The potential bidders for the auction must register by Aug. 18 for the online auction that is being planned to be held on Aug. 22, said the U.S. Marshals Service which is the U.S. government agency that is conducting the auction. According to the Bitstamp exchange, the total value of the bitcoins being auctioned is about $1.6 million.
This is the latest auction of the digital currency that is being conducted by the Marshals Service. Earlier, bitcoins seized during the prosecution of Ross Ulbricht, who authorities say ran Silk Road, were auctioned off in four prior auctions from June 2014 to November 2015 of bitcoins.
With a $100,000 deposit requirement, the auction will consist of one block. According to the USMS, winners will be notified on the same day.
Ernst & Young auctioned off a tranche of roughly 24,500 bitcoin, confiscated from a former Silk Road user, earlier this year.
The Marshals Service said the 2,719 bitcoins had been forfeited in connection to a case that is one of nine criminal, civil or administrative matters and is subject to the latest auction.
In addition to the bitcoins confiscated by the Marshals Service, those that are being put up for sale were confiscated by the US Department of Homeland Security; the Bureau of Alcohol, Firearms and Tobacco; and the Internal Revenue Service.

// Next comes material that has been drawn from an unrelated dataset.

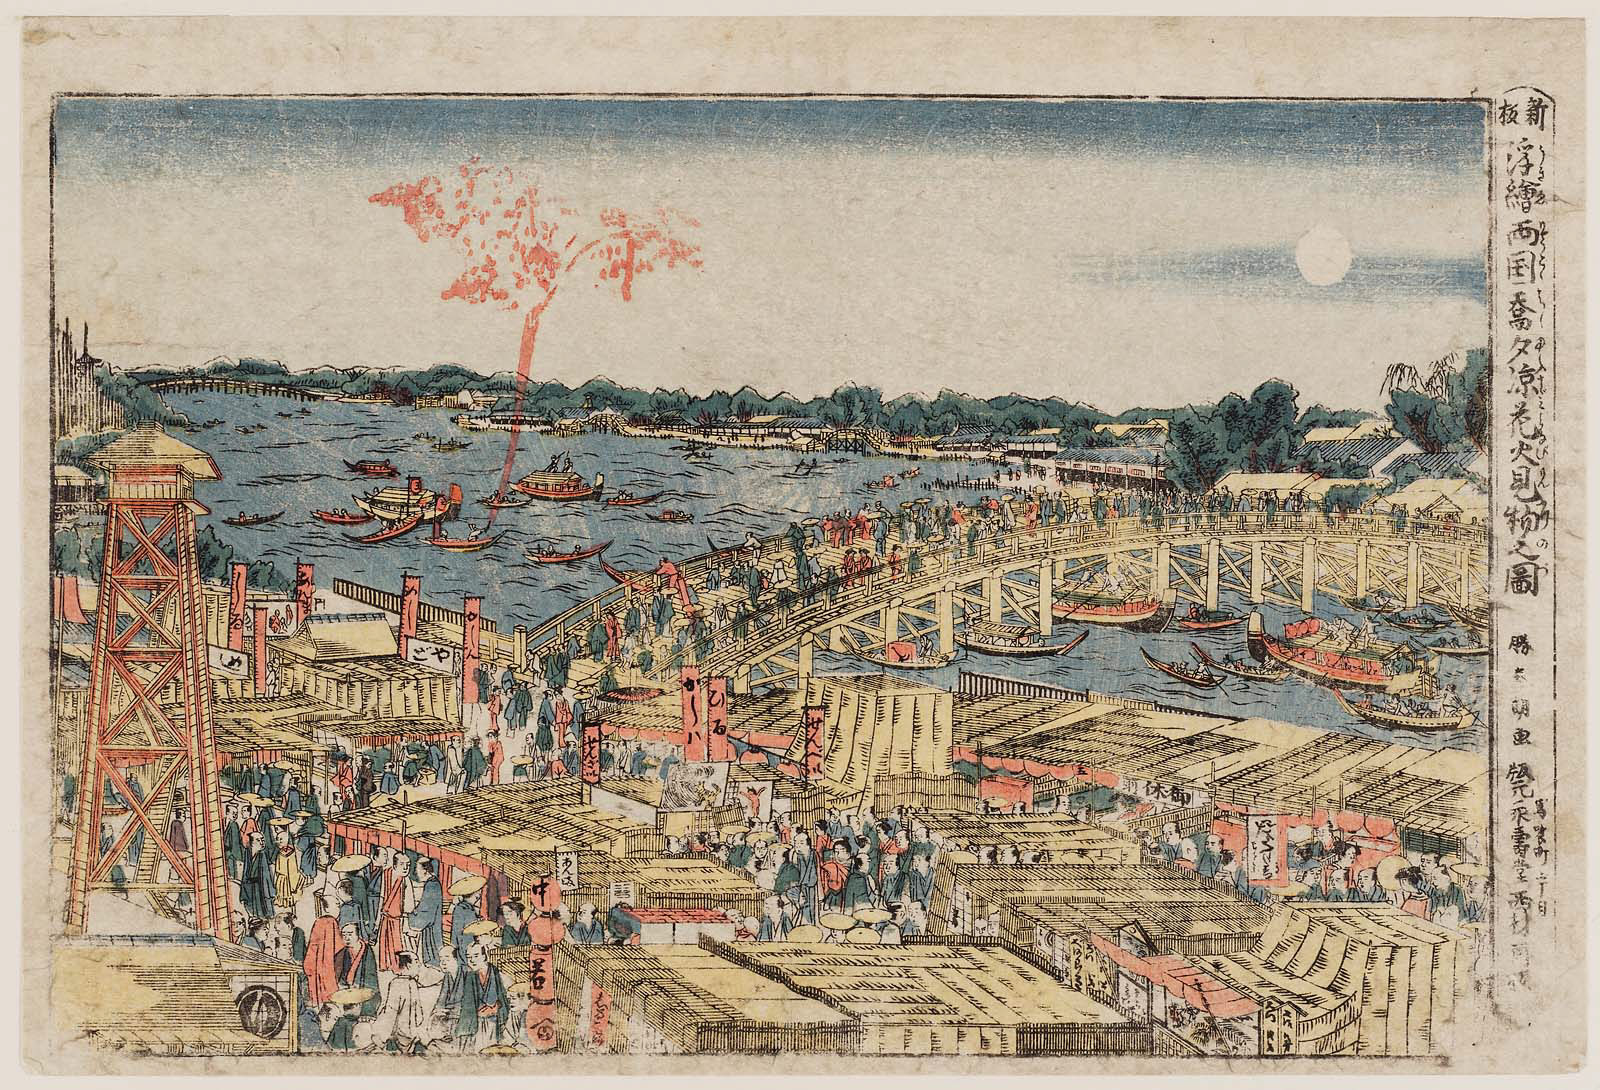 Fireworks at Ryogoku Bridge by Hokusai c1790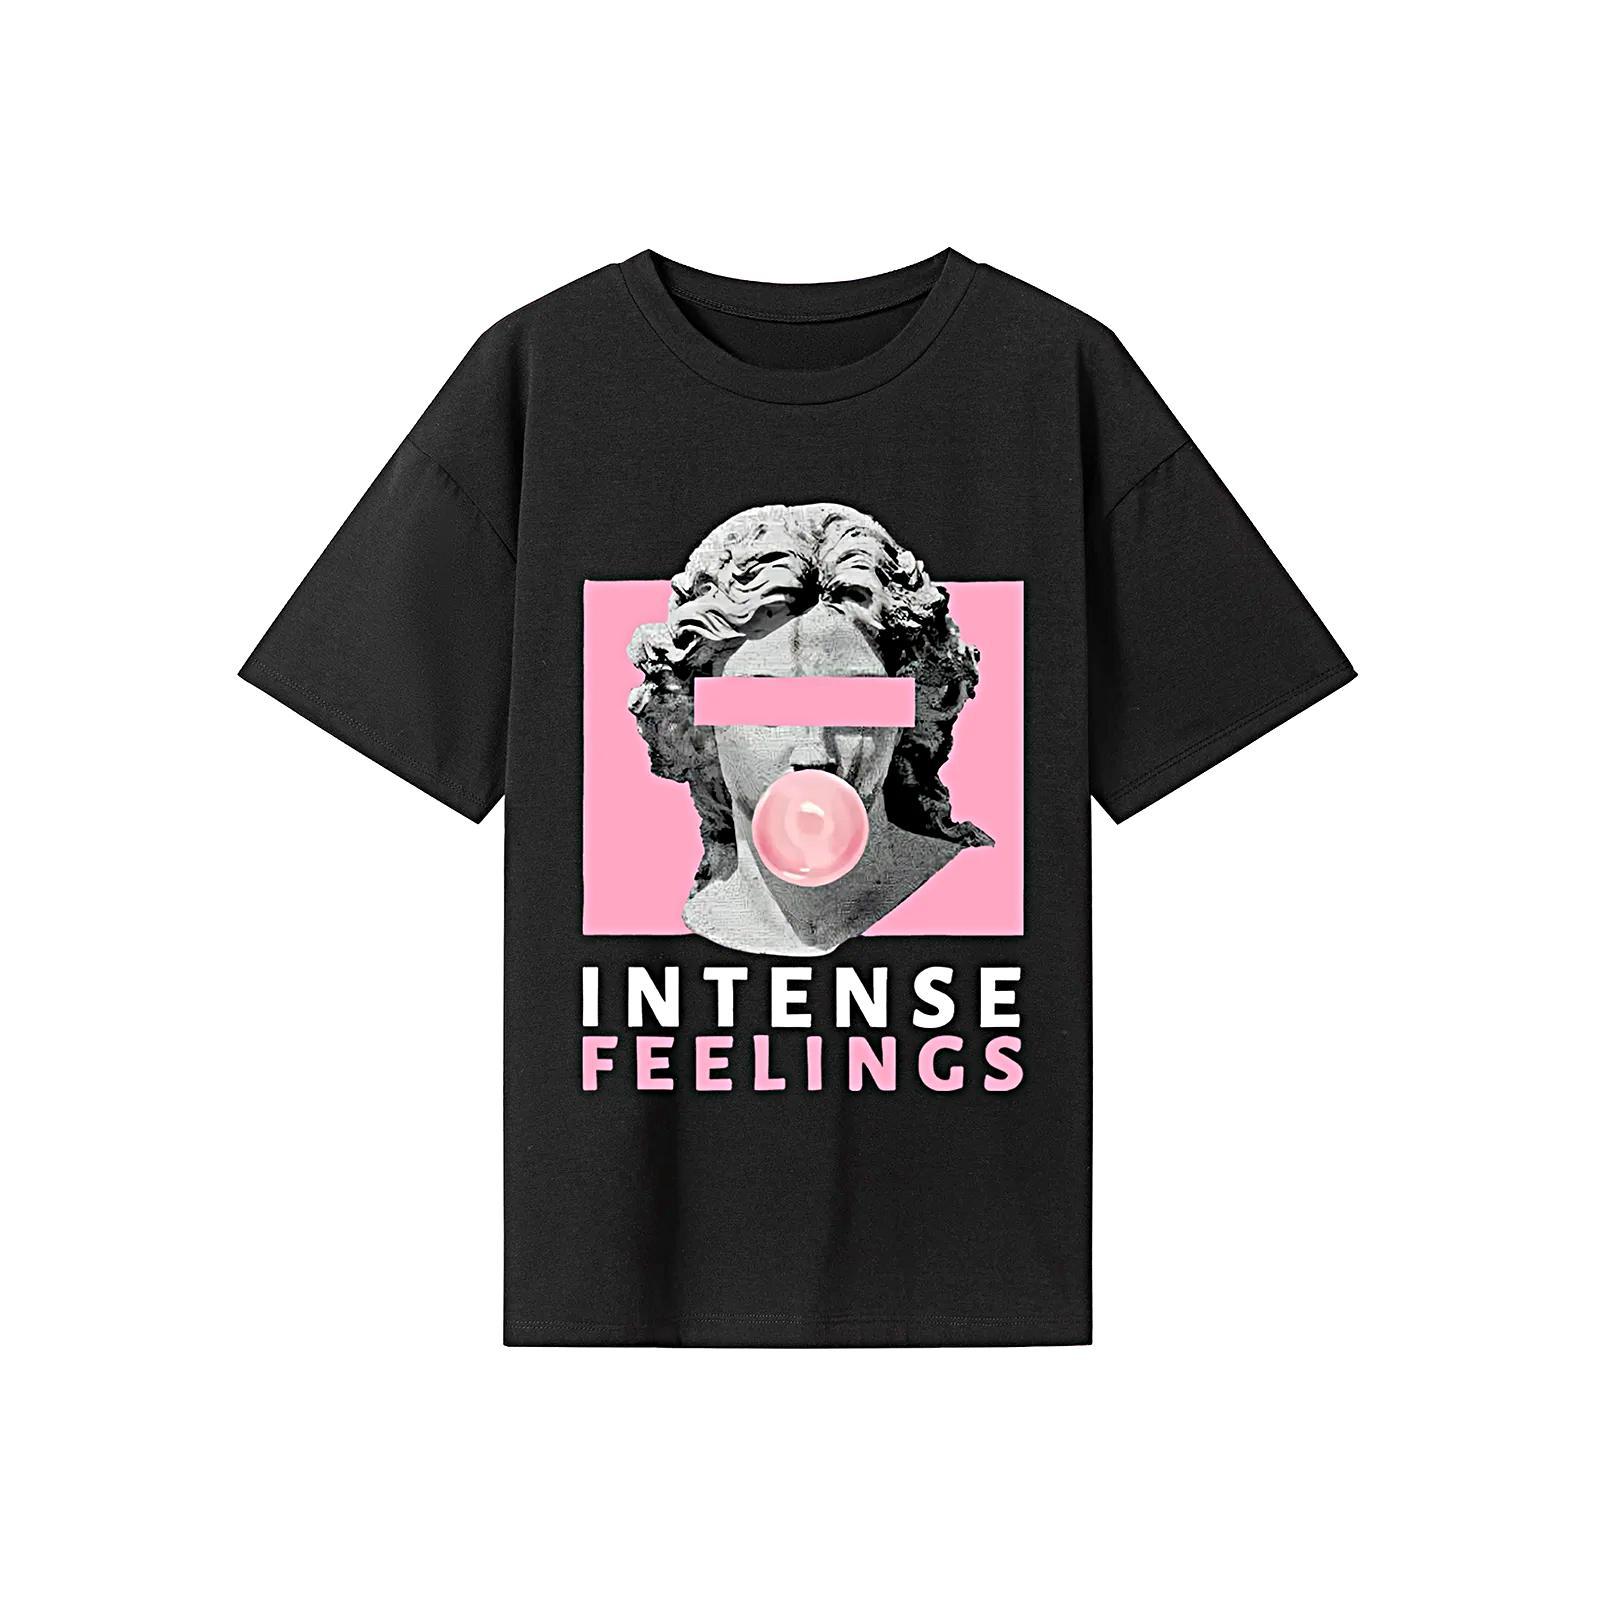 T Shirt for Women Summer Comfortable Soft Basic Tee for Beach Hiking Walking S

The case pertains to the more than $200 million of anonymous online drug sales through Silk Road using bitcoin which was enabled by a scheme orchestrated by Ulbricht, 32. He was convicted in the case and was sentenced in May 2015 to life in prison which is being appealed against by Ulbricht. However the Marshals Service said that only about 2.8 bitcoins in the latest auction came from Ulbricht's case.
A civil forfeiture case related to a Silk Road drug dealer, Matthew Gillum, was the sources of the bulk of the bitcoins in the auction which totaled to 1,294 bitcoins that were seized. The Marshals Service said that Gillum was sentenced in 2015 to nine years in prison.
Carl Force, a former U.S. Drug Enforcement Administration agent was accused of stealing bitcoins during the Silk Road investigation. The Marshals Service said that another 65 bitcoins came from the case of Carl Force who was found guilty in the case and was sentenced in October to 78 months in prison for stealing the bitcoins.
Another 664 bitcoins came from the case of Sean Roberson. According to prosecutors in the case against this Florida man, Roberson had allegedly created an online shop for selling counterfeit credit and debit cards which was illegal. He was found to be guilty and was sentenced to 78 months in prison in November last year.